Department of Pediatrics, School of Medicine, West Virginia University, Morgantown, West Virginia, United States.
West Virginia Clinical and Translational Science Institute, West Virginia University, Morgantown, West Virginia, United States.
Appl Clin Inform. 2021 Jan;12(1):10-16. doi: 10.1055/s-0040-1721012. Epub 2021 Jan 6.
The United States, and especially West Virginia, have a tremendous burden of coronary artery disease (CAD). Undiagnosed familial hypercholesterolemia (FH) is an important factor for CAD in the U.S. Identification of a CAD phenotype is an initial step to find families with FH.
We hypothesized that a CAD phenotype detection algorithm that uses discrete data elements from electronic health records (EHRs) can be validated from EHR information housed in a data repository.
We developed an algorithm to detect a CAD phenotype which searched through discrete data elements, such as diagnosis, problem lists, medical history, billing, and procedure (International Classification of Diseases [ICD]-9/10 and Current Procedural Terminology [CPT]) codes. The algorithm was applied to two cohorts of 500 patients, each with varying characteristics. The second (younger) cohort consisted of parents from a school child screening program. We then determined which patients had CAD by systematic, blinded review of EHRs. Following this, we revised the algorithm by refining the acceptable diagnoses and procedures. We ran the second algorithm on the same cohorts and determined the accuracy of the modification.

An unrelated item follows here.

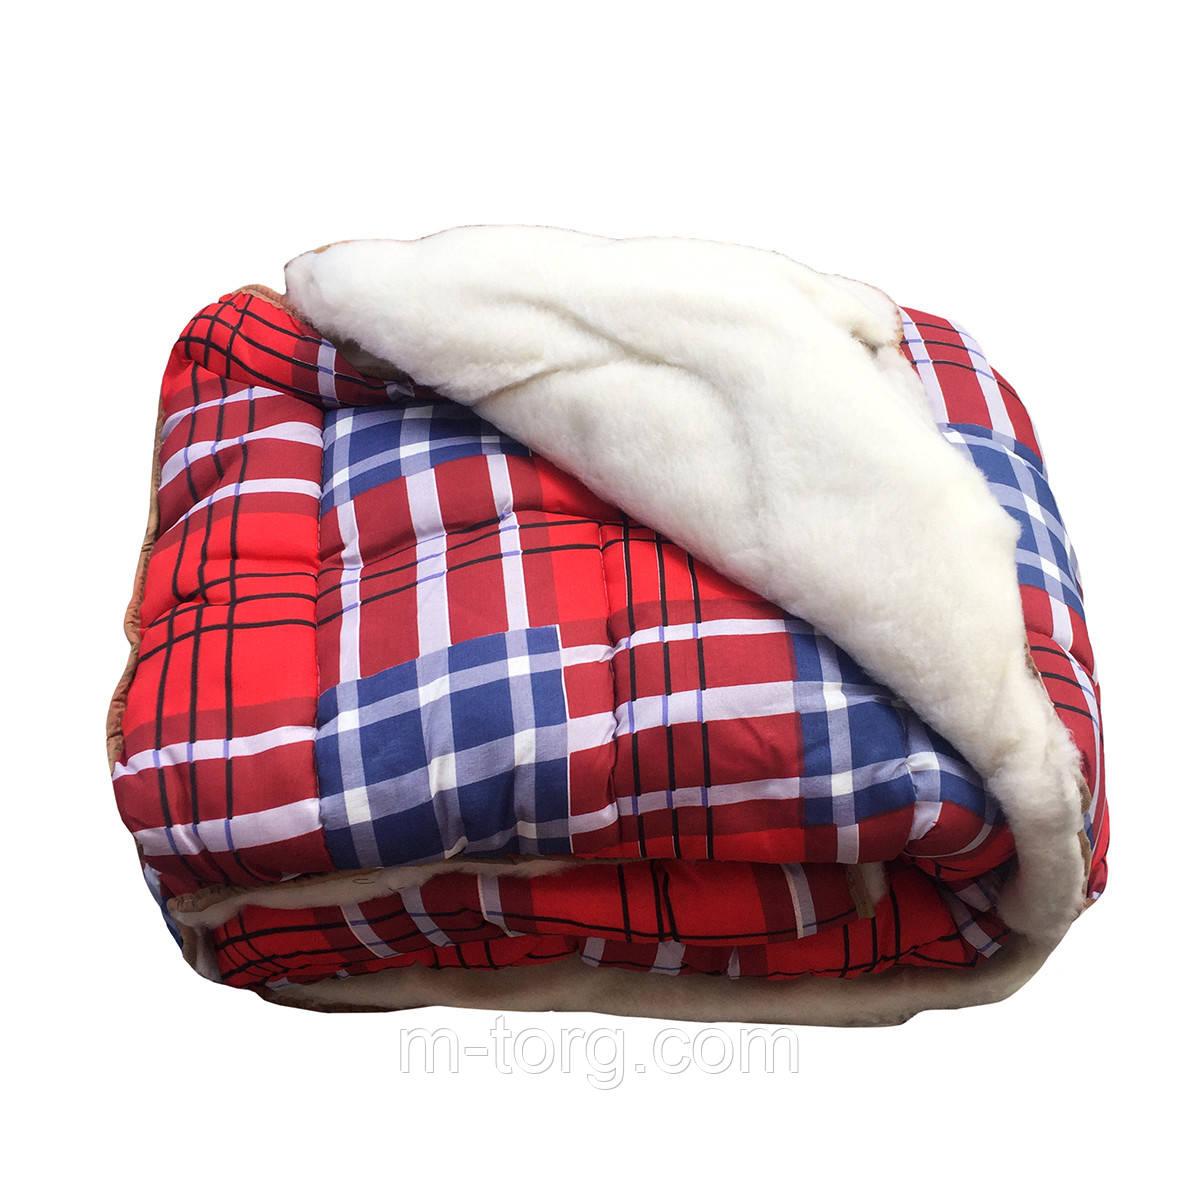 Недороге хутряне вовняну ковдру овеча двоспальне 175/215,тканина полікотон

CAD phenotype Algorithm I was 89.6% accurate, 94.6% sensitive, and 85.6% specific for group 1. After revising the algorithm (denoted CAD Algorithm II) and applying it to the same groups 1 and 2, sensitivity 98.2%, specificity 87.8%, and accuracy 92.4; accuracy 93% for group 2. Group 1 F1 score was 92.4%. Specific ICD-10 and CPT codes such as "coronary angiography through a vein graft" were more useful than generic terms.
We have created an algorithm, CAD Algorithm II, that detects CAD on a large scale with high accuracy and sensitivity (recall). It has proven useful among varied patient populations. Use of this algorithm can extend to monitor a registry of patients in an EHR and/or to identify a group such as those with likely FH.
美国,尤其是西弗吉尼亚州,患有冠状动脉疾病(CAD)的人数众多。未确诊的家族性高胆固醇血症(FH)是美国 CAD 的一个重要因素。确定 CAD 表型是发现 FH 家族的第一步。
我们假设一种使用电子健康记录(EHR)中的离散数据元素的 CAD 表型检测算法可以从存储在数据存储库中的 EHR 信息中得到验证。
我们开发了一种用于检测 CAD 表型的算法,该算法通过搜索离散数据元素(如诊断、问题列表、病史、计费和程序(国际疾病分类[ICD]-9/10 和当前程序术语[CPT])代码)。该算法应用于两个特征不同的 500 名患者队列。第二个(年轻)队列由学校儿童筛查计划的父母组成。然后,我们通过对 EHR 进行系统的、盲目的审查来确定哪些患者患有 CAD。在此之后,我们通过细化可接受的诊断和程序来修改算法。我们在相同的队列上运行第二个算法,并确定修改的准确性。
CAD 表型算法 I 对第 1 组的准确率为 89.6%,敏感性为 94.6%,特异性为 85.6%。修改算法(称为 CAD 算法 II)并将其应用于相同的第 1 组和第 2 组后,敏感性为 98.2%,特异性为 87.8%,准确率为 92.4%;第 2 组的准确率为 93%。特定的 ICD-10 和 CPT 代码,如“通过静脉移植物进行冠状动脉造影”,比通用术语更有用。
我们创建了一种算法,CAD 算法 II,它可以高精度和高灵敏度(召回率)大规模检测 CAD。它已被证明在各种患者群体中都很有用。该算法的使用可以扩展到监测 EHR 中的患者注册表,和/或识别可能患有 FH 的人群。